The uncovered cybercrime campaign has been underway since at least 2019 and targeted technology and manufacturing companies in East Asia, Western Europe and North America.
Operation Cuckoo Bees
This criminal operation is known as ‘Operation CuckooBees’ and was discovered by Cybereason analysts, who revealed the new malware deployed by the notorious hacker group, the mechanisms they exploit for intrusion, and the intricate payload delivery methods they use. .
“With years to conduct clandestine reconnaissance and identify valuable data, it is estimated that the group managed to leak hundreds of gigabytes of information.
The attackers targeted intellectual property developed by victims, including sensitive documents, blueprints, diagrams, formulas, and proprietary manufacturing-related data. – Cyber ​​season.
The financial losses suffered by “CuckooBees” are difficult to determine, but the figure should be on a scale that places the operation among the most damaging cyber campaigns in recent years.
A stealthy operation
The infection chain observed in Operation CuckooBees begins with the exploitation of known and zero-day vulnerabilities in the ERP platforms used by the targets.

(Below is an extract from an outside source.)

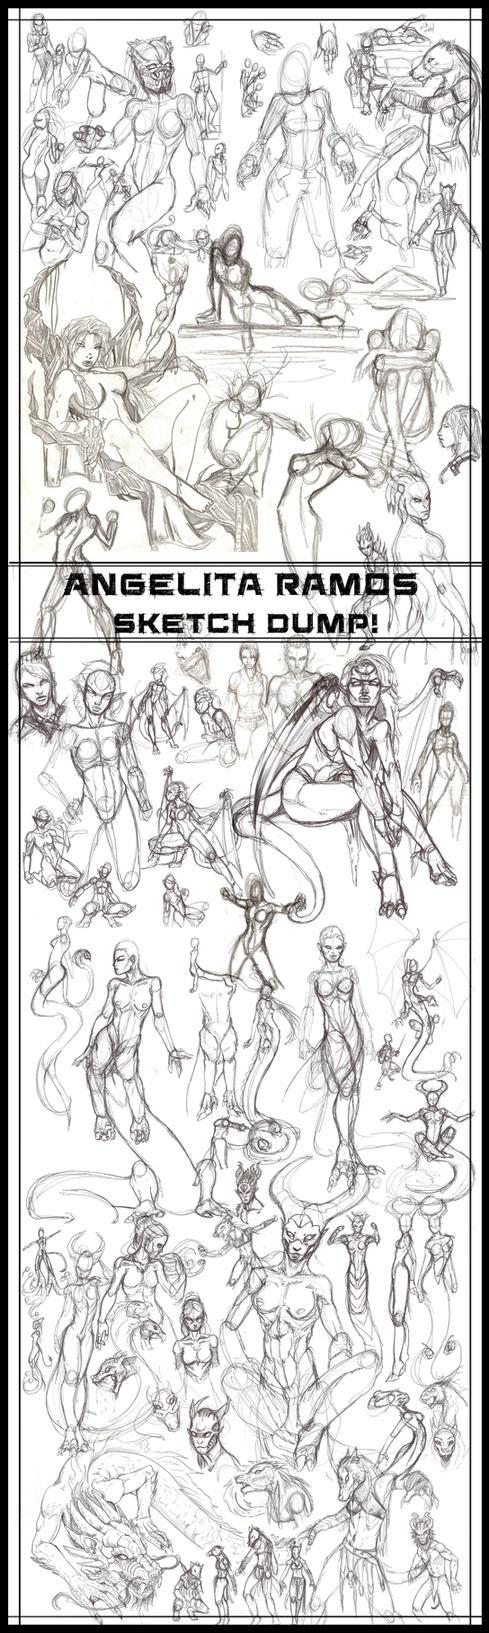 2015 Sketch Dump by AngelitaRamos

Winnti establishes persistence through a hard-coded WebShell, abusing the WinRM protocol for remote access, the IKEEXT and PrintNotify Windows services for DLL sideloading, or by loading a signed kernel rootkit.
Once they gain a foothold in networks, hackers perform reconnaissance using built-in Windows commands such as ‘systeminfo’, ‘net start’, ‘net user’ and ‘dir c:’, which are unlikely to trigger suspect alerts. activity, even when running on batch files via a scheduled task.
For credential dumping, Winnti uses the ‘reg save’ command to save stolen passwords in a safe place or a variant of a previously undocumented tool called ‘MFSDLL.exe’.
For lateral movement, hackers continue to abuse Windows scheduled tasks along with a set of special batch files.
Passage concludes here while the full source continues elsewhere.